## TASK OBJECTIVE:
These records contain pictures, which must be left out; copy exactly the lines from the one with "好看 电影/《速度与激情》是欧美的一部以赛车为主题的系列电影。" up to and including the one with "Pflanzliche vegetarische Sandwich".

## EXERCISE MATERIAL:

━━━━━━━━━━

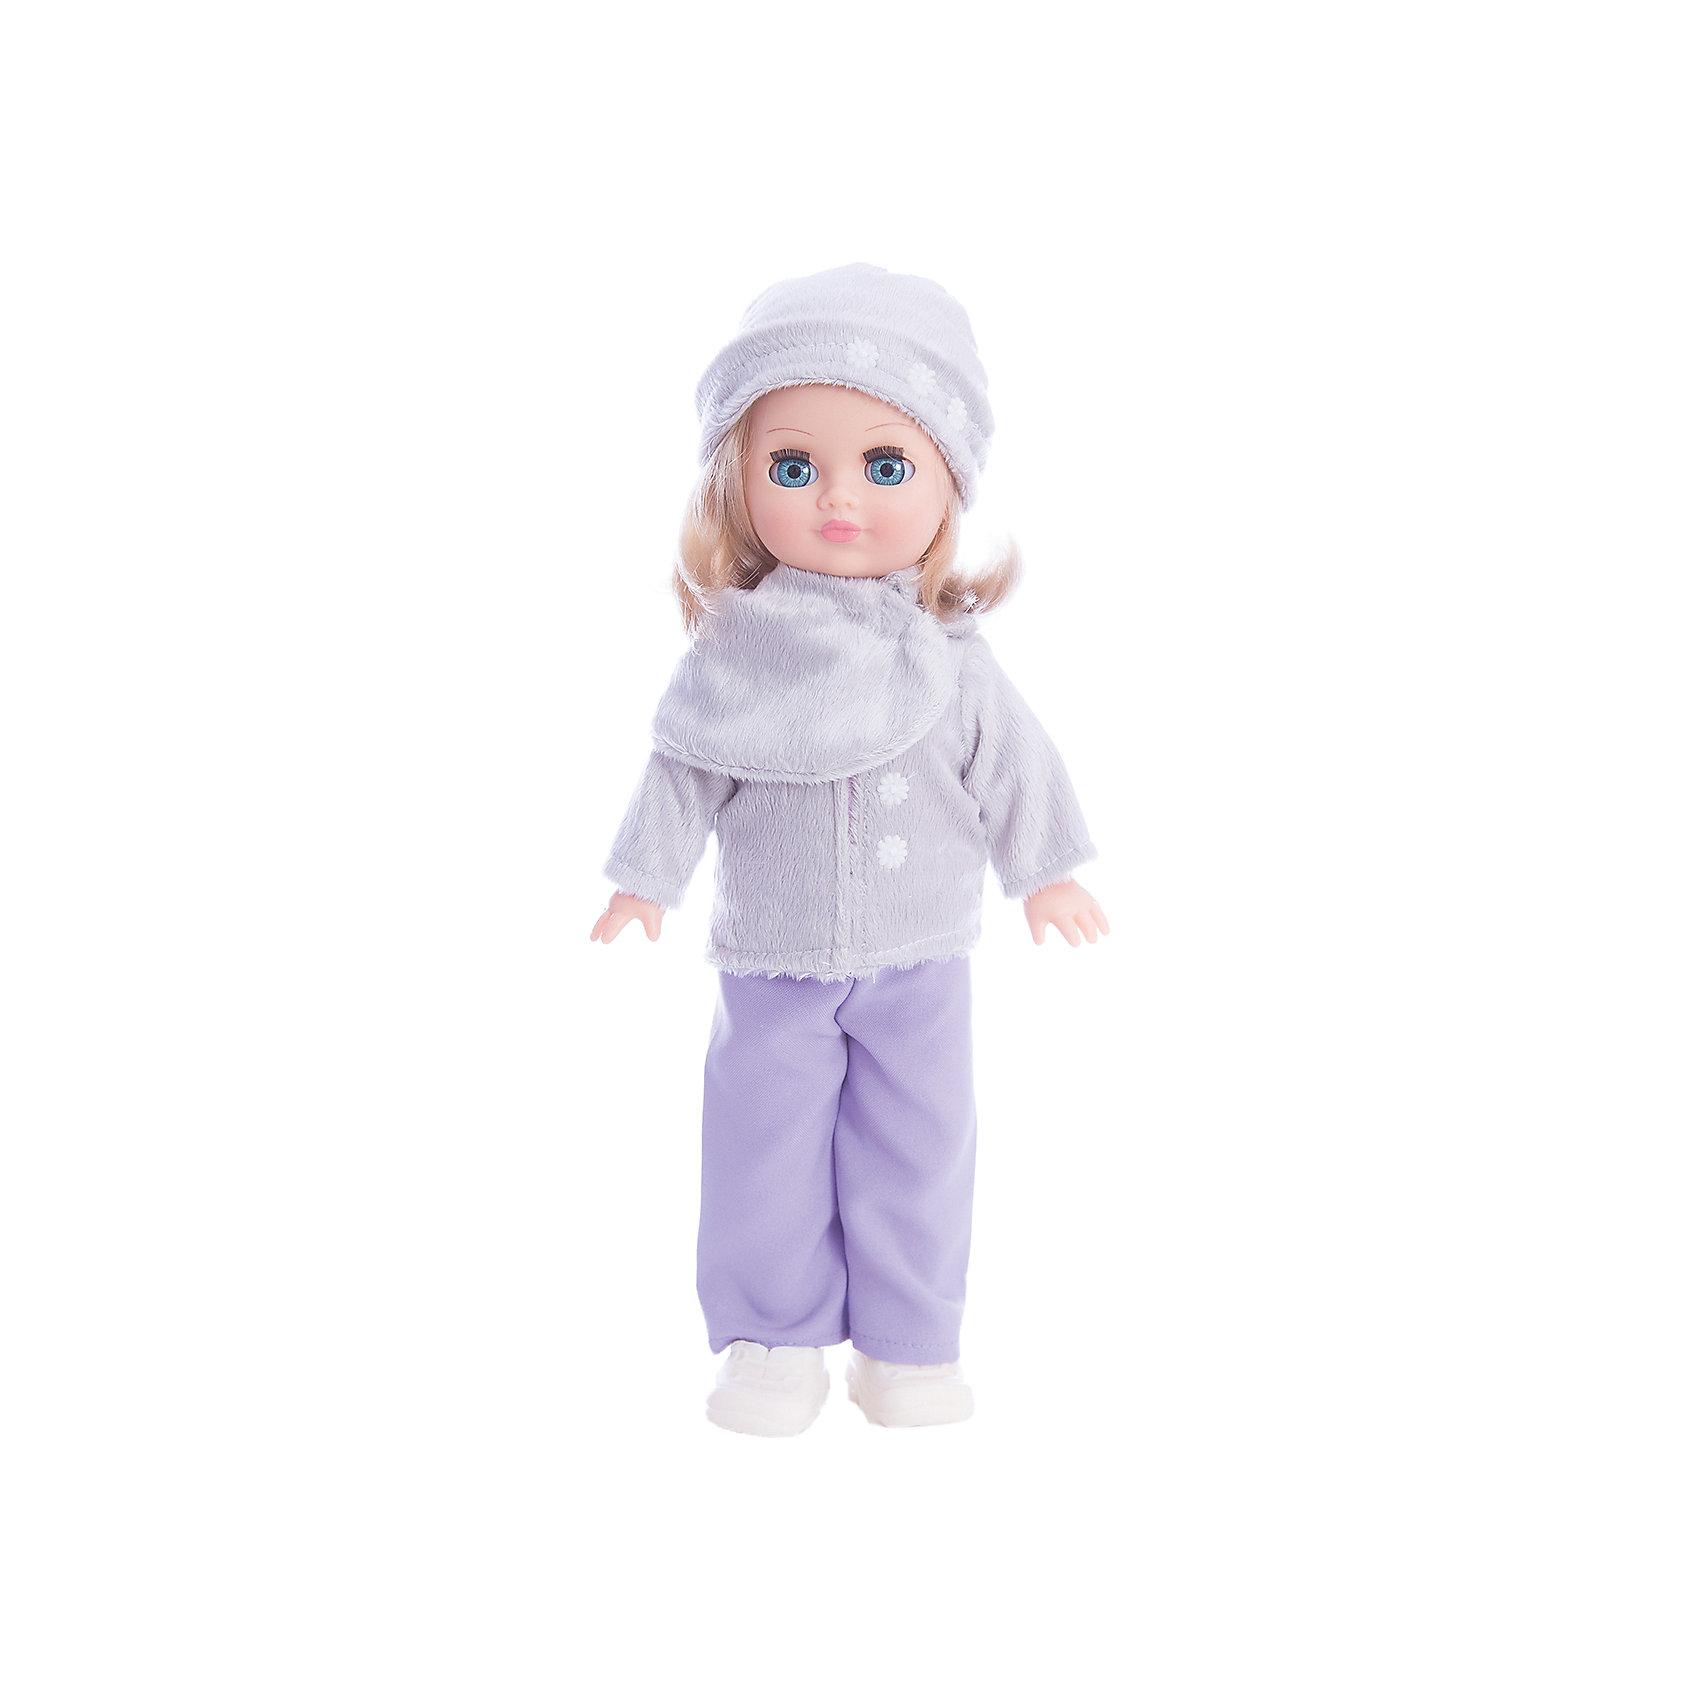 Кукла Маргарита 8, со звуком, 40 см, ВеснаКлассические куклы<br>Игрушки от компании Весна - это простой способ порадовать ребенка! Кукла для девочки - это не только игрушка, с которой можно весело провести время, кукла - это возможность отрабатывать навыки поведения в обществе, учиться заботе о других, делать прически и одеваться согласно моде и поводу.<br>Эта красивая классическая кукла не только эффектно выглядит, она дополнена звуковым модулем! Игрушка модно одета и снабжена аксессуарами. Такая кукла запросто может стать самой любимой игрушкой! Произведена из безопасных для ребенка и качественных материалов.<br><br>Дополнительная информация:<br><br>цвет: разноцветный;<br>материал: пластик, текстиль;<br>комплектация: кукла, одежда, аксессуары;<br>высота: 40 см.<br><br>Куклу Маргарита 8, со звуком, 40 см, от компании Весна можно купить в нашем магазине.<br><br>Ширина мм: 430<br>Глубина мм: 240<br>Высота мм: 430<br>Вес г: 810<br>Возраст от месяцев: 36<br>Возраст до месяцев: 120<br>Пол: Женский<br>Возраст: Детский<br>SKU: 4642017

━━━━━━━━━━

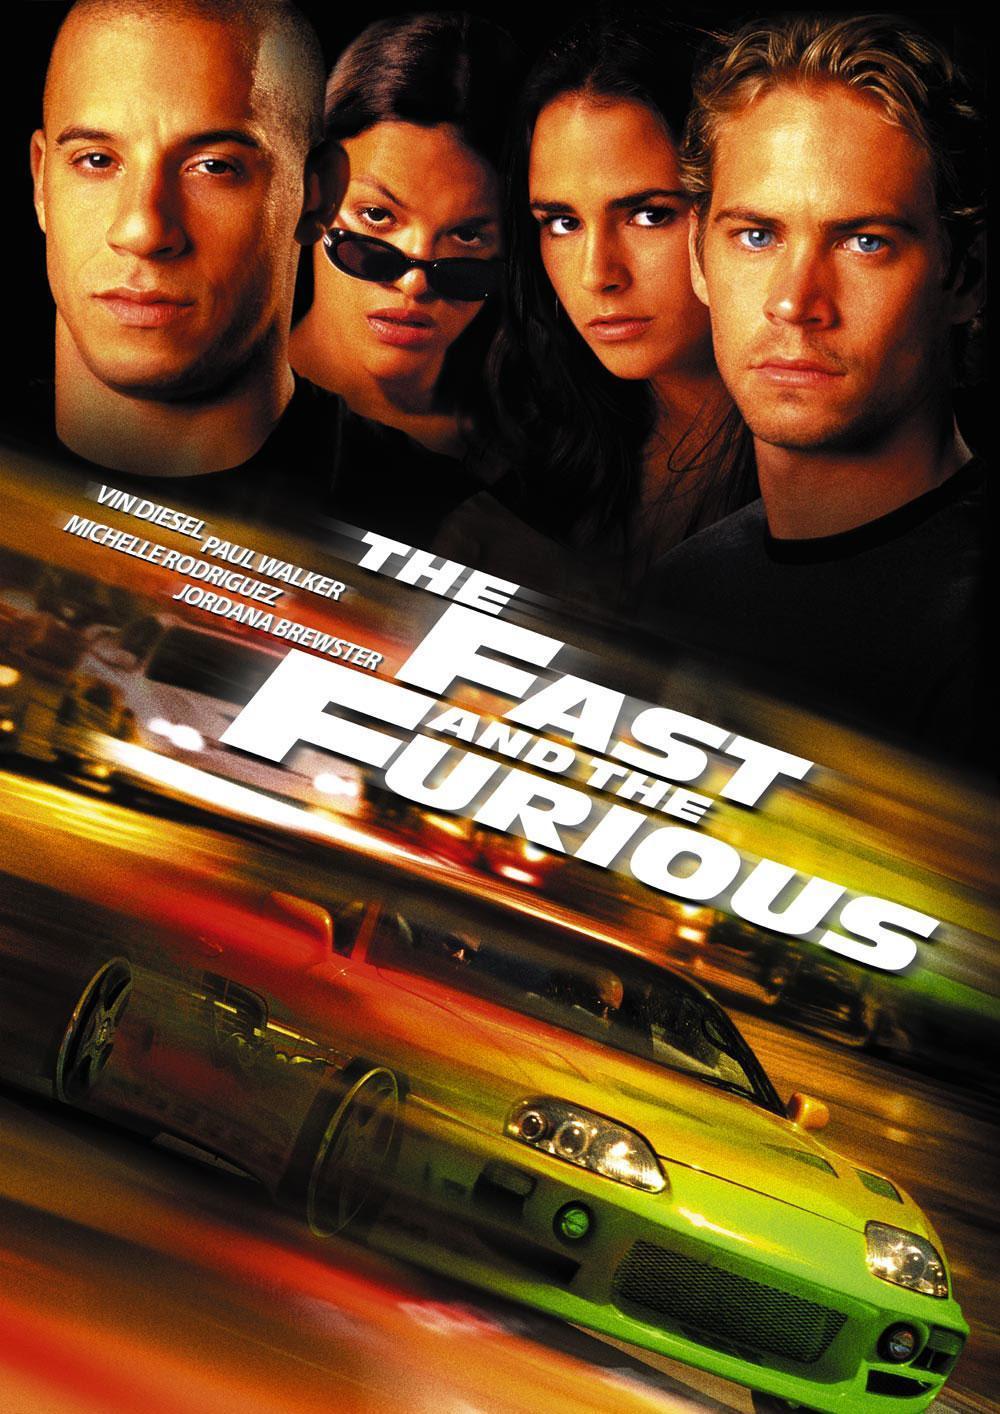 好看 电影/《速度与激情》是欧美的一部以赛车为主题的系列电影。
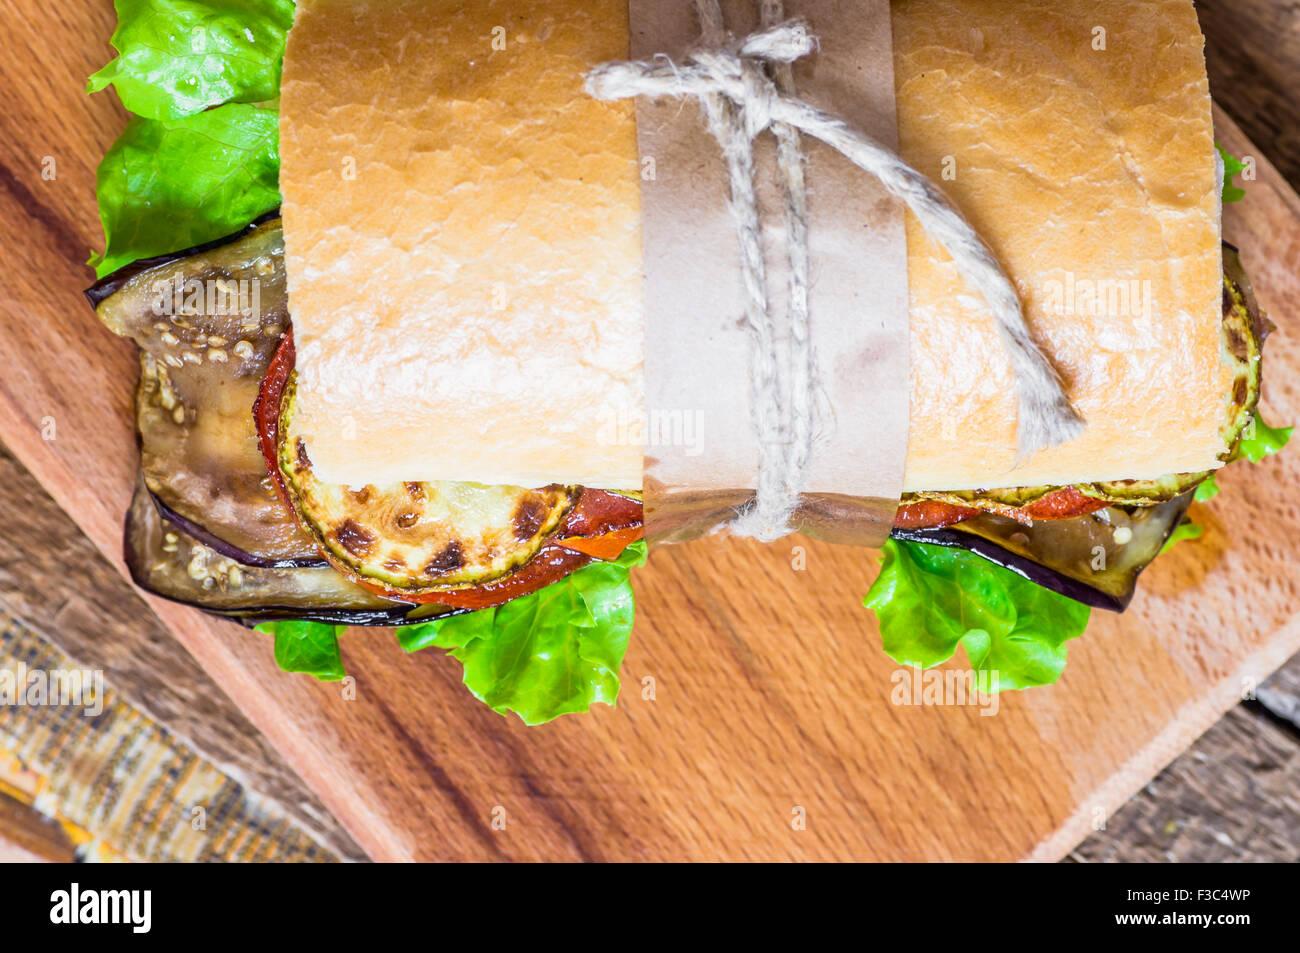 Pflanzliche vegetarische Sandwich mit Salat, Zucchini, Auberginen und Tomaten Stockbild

━━━━━━━━━━

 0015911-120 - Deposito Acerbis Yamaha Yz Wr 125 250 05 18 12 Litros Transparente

━━━━━━━━━━

## WRITTEN SOLUTION:
 好看 电影/《速度与激情》是欧美的一部以赛车为主题的系列电影。
 Pflanzliche vegetarische Sandwich mit Salat, Zucchini, Auberginen und Tomaten Stockbild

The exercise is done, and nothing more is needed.